Марк посмотрел на меня с иронией — в его понимании “Слизерин” и “неловкое положение” лежали в разных плоскостях, — но, пусть и с опозданием, отстранился.

И держал меня за руку столько, сколько позволяло расстояние между нами, отпуская от себя буквально по сантиметрам.

(Ему нравилось так делать, но от этого жеста почему-то всегда становилось тревожно.)

Заставить себя идти вперед, дальше от купе, в котором я провела несколько очень приятных минут, оказалось неожиданно легко, потому что перед последним учебным годом “Хогвартс-экспресс” ощущался совсем по-другому. Я как будто стала настолько высокой, что могла увидеть весь поезд целиком. Знала заранее, в какие купе соваться не стоит, а в какие нужно зайти очень срочно, чтобы предотвратить неприятности, знала, когда тишина становилась тревожной, а когда — умиротворенной. Знала, какие интонации у спорщиков предвещали скорую драку, а какие — беду тем, кто их перебьет.

Я была на своем месте.

И на своем месте я чувствовала себя счастливой.

Джемма ждала перед купе для старост. Я видела ее на платформе только мельком, когда она, кивнув кому-то, зашла в вагон, поэтому успела заметить только, как сильно отросли ее волосы за лето.

Но было еще кое-что значимое.

— Тебе идет, — негромко, но искренне сказала я, кивнув на значок старосты школы, приколотый к воротнику мантии. Он был больше обычного, и на нем, в отличие от наших значков, красовался герб Хогвартса, а не факультета. — Поздравляю.

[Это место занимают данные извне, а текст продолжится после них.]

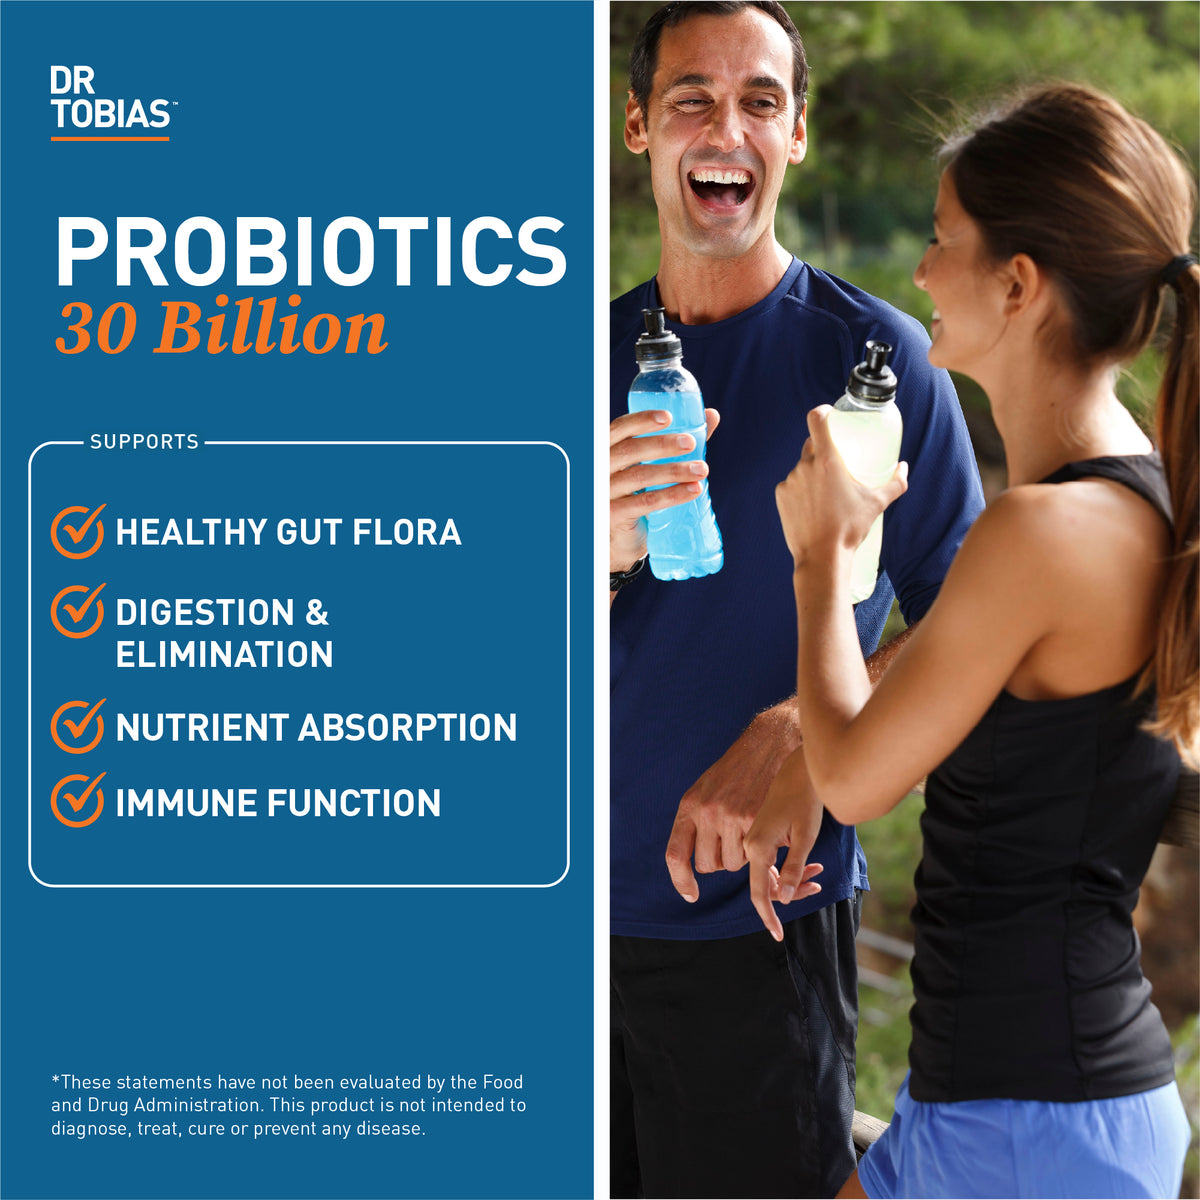 probiotics 30 billion supports healthy gut flora, digestion and elimination, nutrient absorption and immune function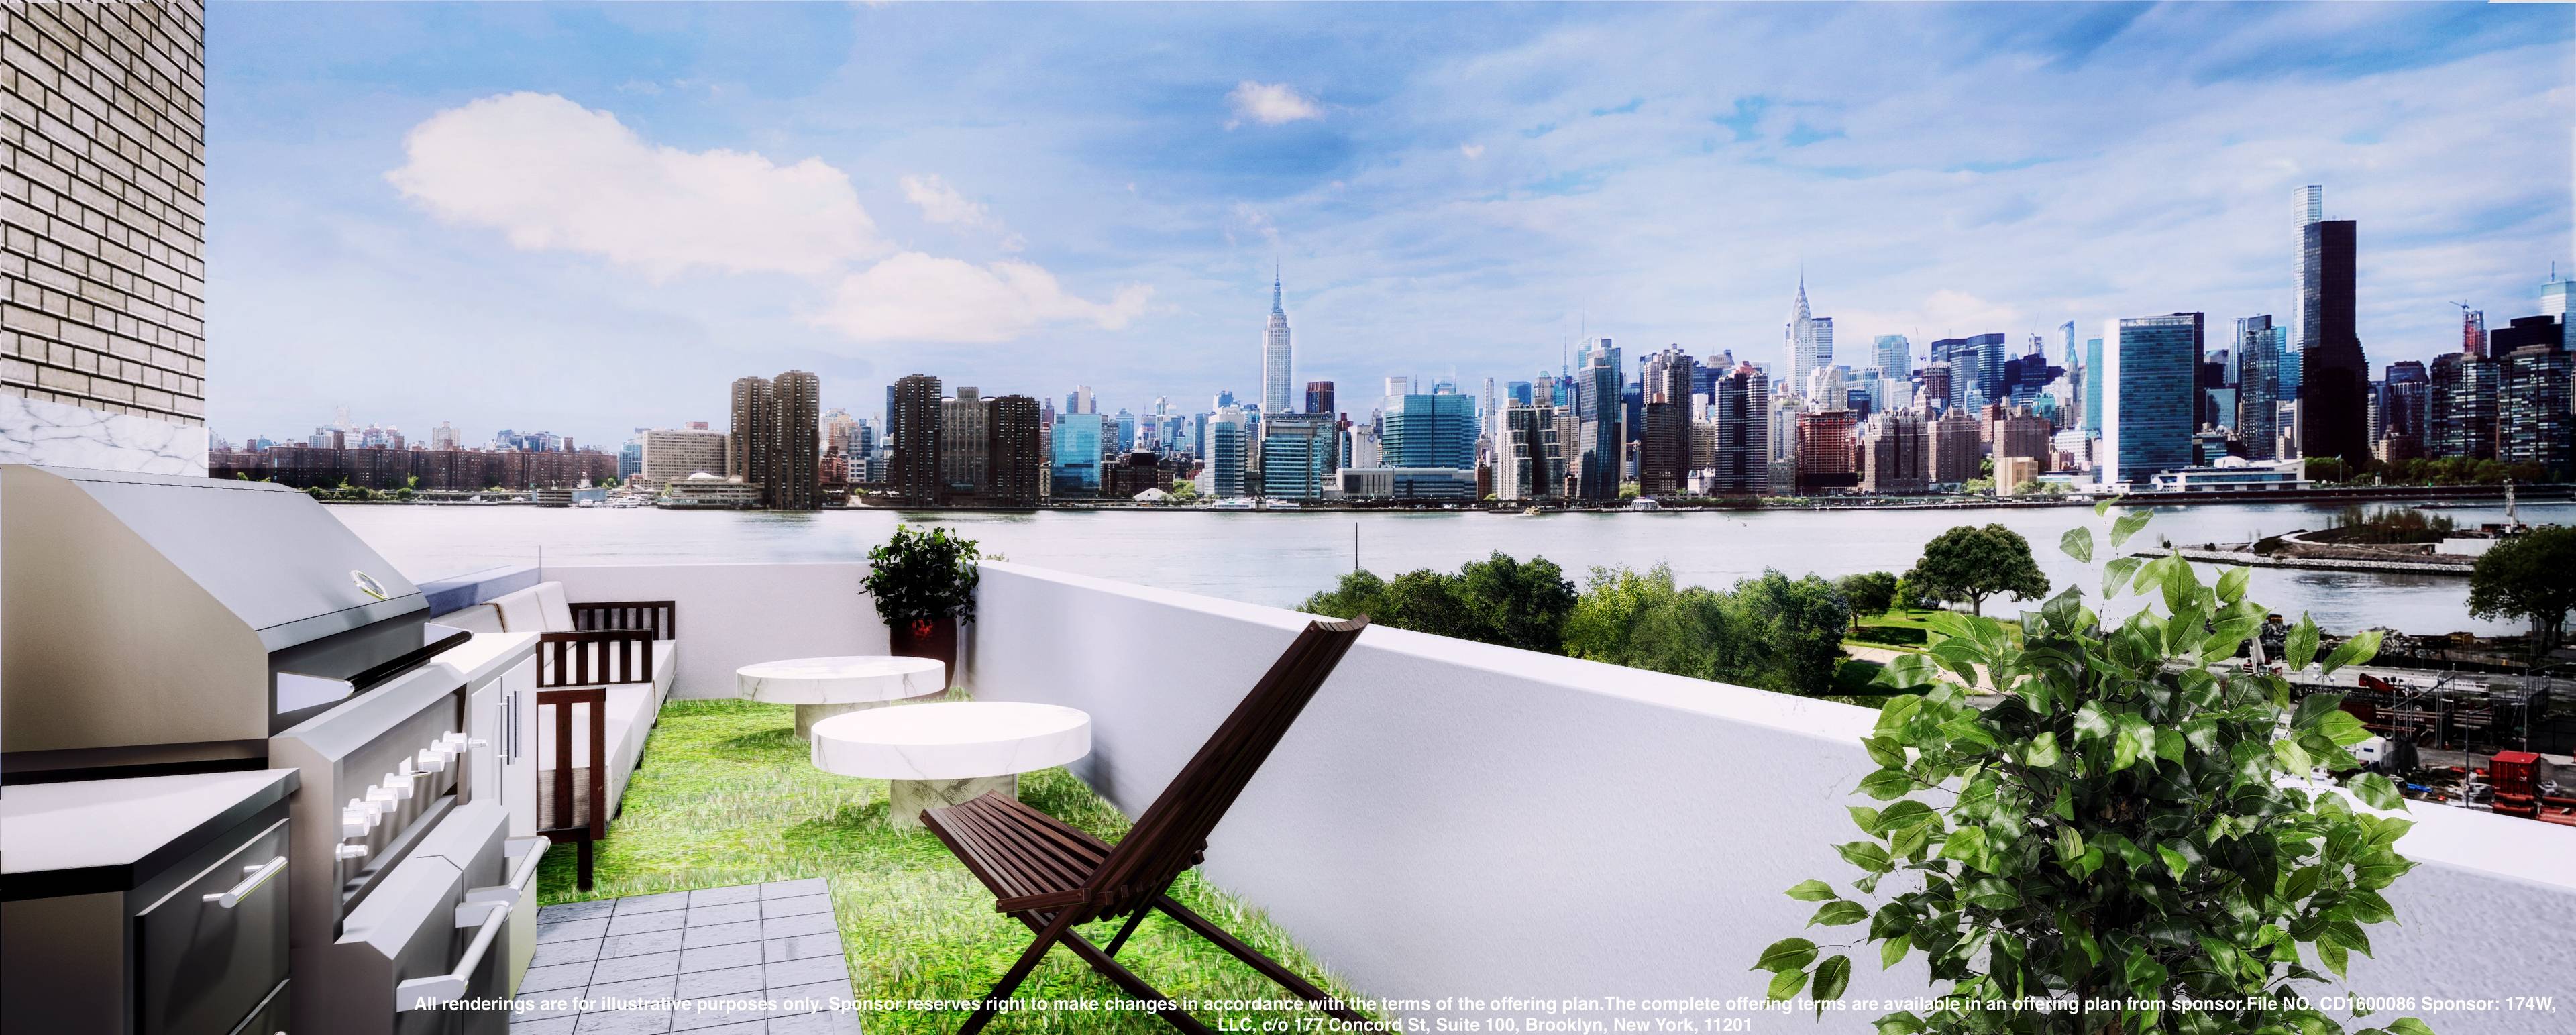 Two Bedroom, Two Bath Penthouse Duplex with Terrace in Greenpoint

Из всех, кого я знала, Джемма Фарли подходила на эту должность больше всего: она нарушила правила школы всего один раз за шесть лет учебы (с моей подачи), пользовалась довольно-таки пугающим авторитетом на своем факультете (и это была только ее заслуга) и, в отличие от многих других, предпочитала решать проблемы сразу, по мере их появления.

А еще — эта должность была по-настоящему важной для нее. Не столько потому, что старосты школы получали особую рекомендацию от директора, сколько потому, что Джемма хотела доказать себе, что могла добиться чего-то без покровительства родителей.

— Я скучала по тебе, — вместо ответа сказала Джемма, сделав шаг вперед, ко мне.

Она выглядела уверенной и спокойной, и это будто делало ее выше. Обнимая Джемму, я поймала себя на том, что упустила момент, когда это спокойствие перестало быть таким холодным и отстраненным.

Взросление Джеммы отличалось от нашего, потому что ей слишком резко пришлось выбраться из заботливого и теплого кокона. Она как будто училась экстерном, заглатывая за месяцы то, чего другие постигали годами, и из-за этого результат, пока еще неявный, мог стать совершенно непредсказуемым.

И я хотела бы (успеть) увидеть его.

— Идем, — сказала я. — Пора нервировать всех новостями о дементорах.

На мгновение взгляд Джеммы стал очень мрачным (ее перфекционизм требовал, чтобы эта поездка в школу была идеальной), но она быстро взяла себя в руки и кивнула. Все это тоже портило мне настроение (несмотря на то, что у нас с Джеммой и Пенни за пару дней до этого появился вполне себе сносный план), но я не сомневалась в том, что к вечеру у нас будут неприятные гости.

Потому что в этой реальности Сириус Блэк не порадовал журналистов туманным и драматичным “Он в Хогвартсе”.

Как выяснилось совсем недавно, по ночам он выкрикивал только одно слово:

“Гарри”.


* * *


Купе для старост было больше обычных, однако находиться в обществе еще девяти человек, несмотря на то, что нам не приходилось тесниться, всегда было немного некомфортно.

В отличие от школьных собраний, в поезде мы сидели не за столом, а напротив друг друга, и каждый мог сразу заметить и лицо, и реакцию остальных.

— Суровая, — едва слышно шепнула мне на ухо Пенни, и я едва подавила улыбку: не хотела, чтобы Джемма подумала, что мы не воспринимали ее всерьез.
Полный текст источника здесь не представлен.